Exercise data Start Marker

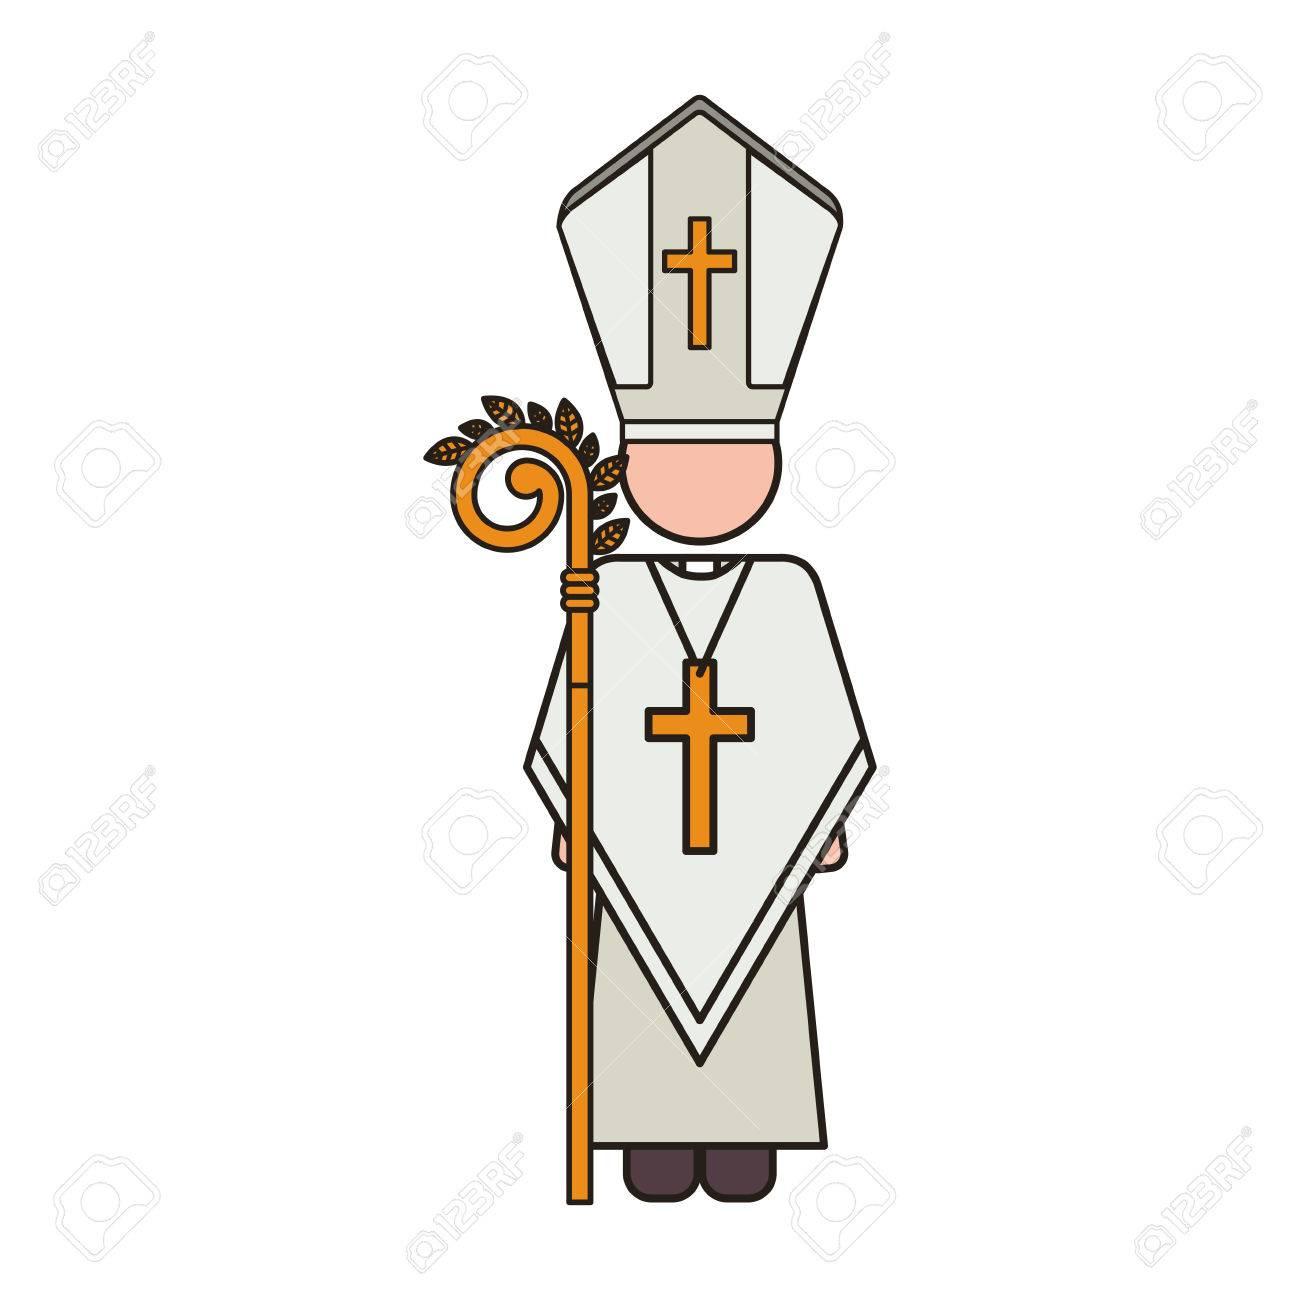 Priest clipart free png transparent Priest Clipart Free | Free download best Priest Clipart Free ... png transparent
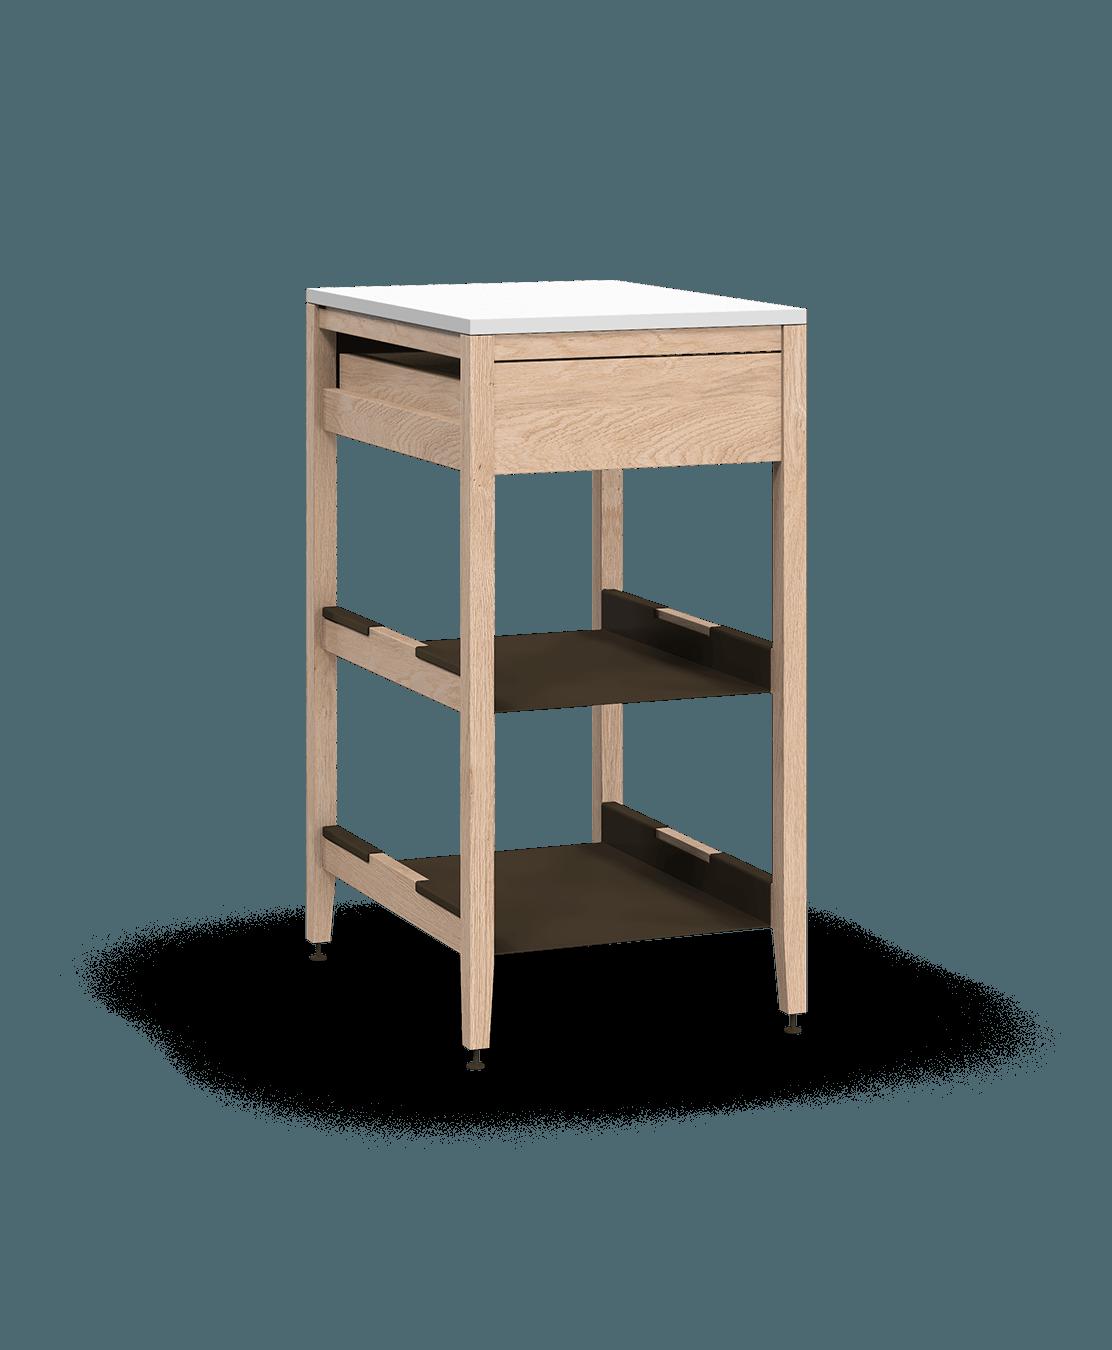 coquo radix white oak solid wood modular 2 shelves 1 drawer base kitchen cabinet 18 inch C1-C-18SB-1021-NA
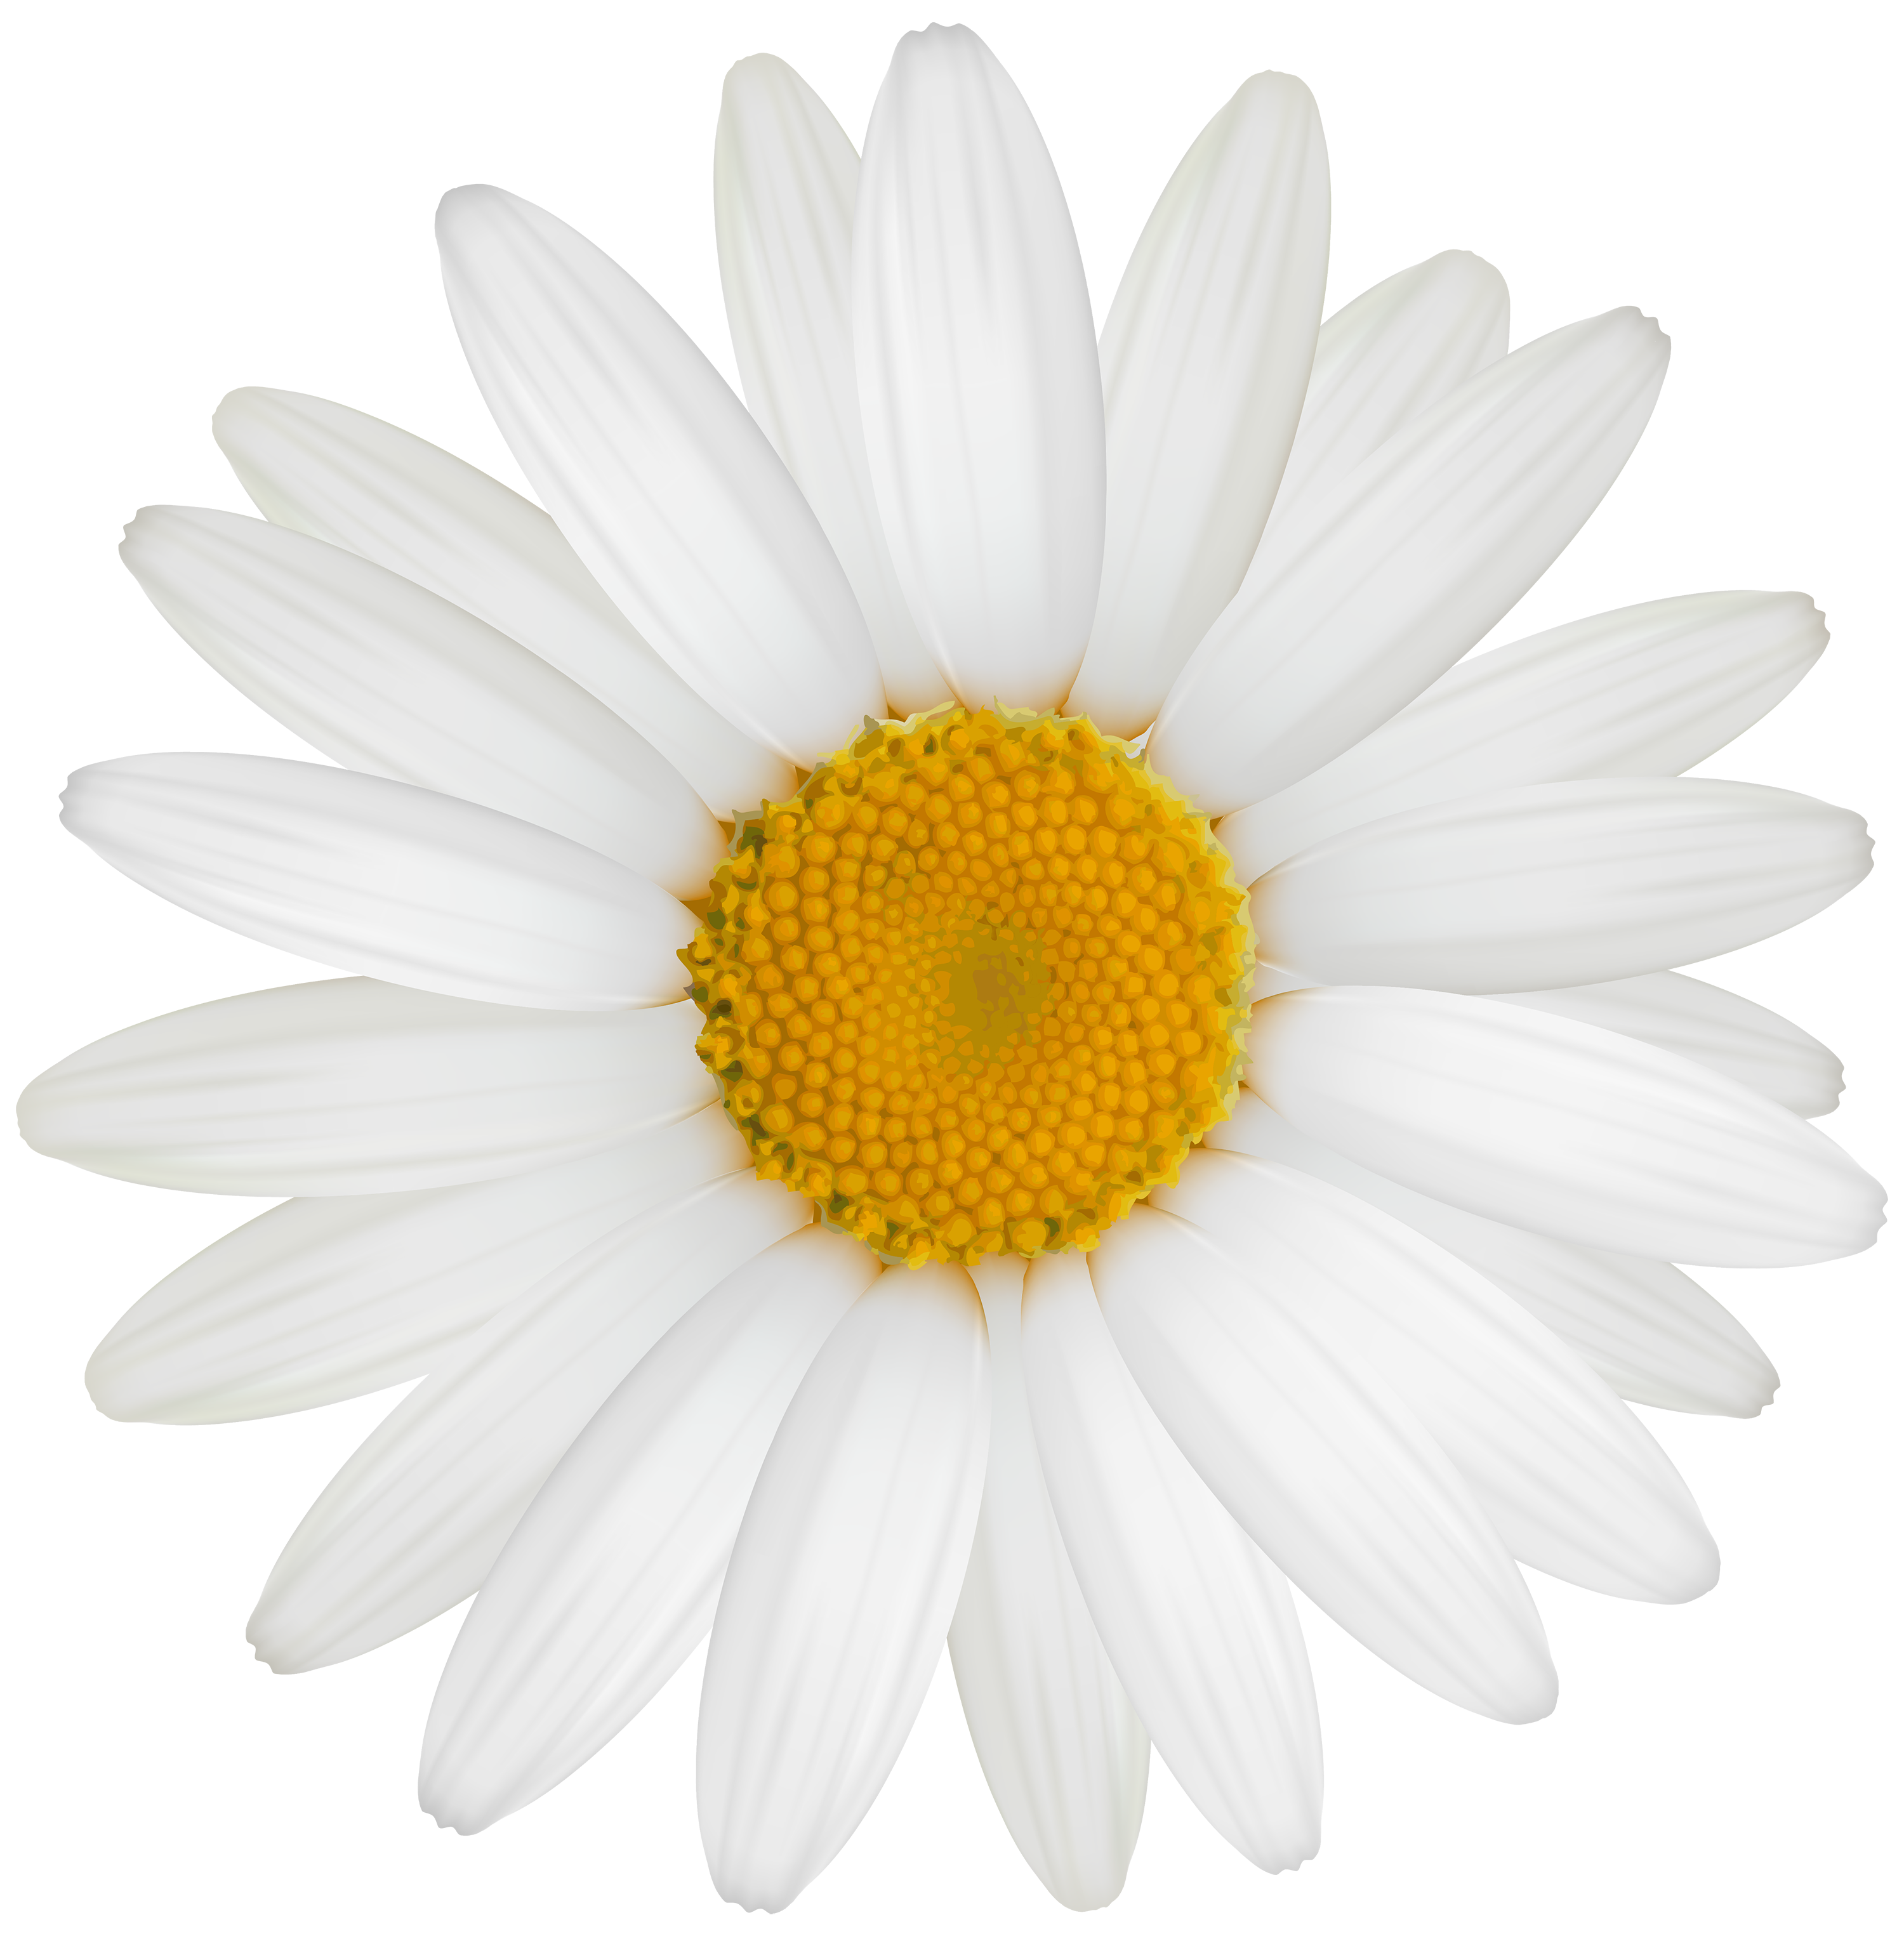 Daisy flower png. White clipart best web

Exercise data End Marker

* Problem to solve: Copy out the material exactly as it stands, though no picture should appear in the copy.

* Expected answer:
 Priest clipart free png transparent Priest Clipart Free | Free download best Priest Clipart Free ... png transparent
 coquo radix white oak solid wood modular 2 shelves 1 drawer base kitchen cabinet 18 inch C1-C-18SB-1021-NA
 Daisy flower png. White clipart best web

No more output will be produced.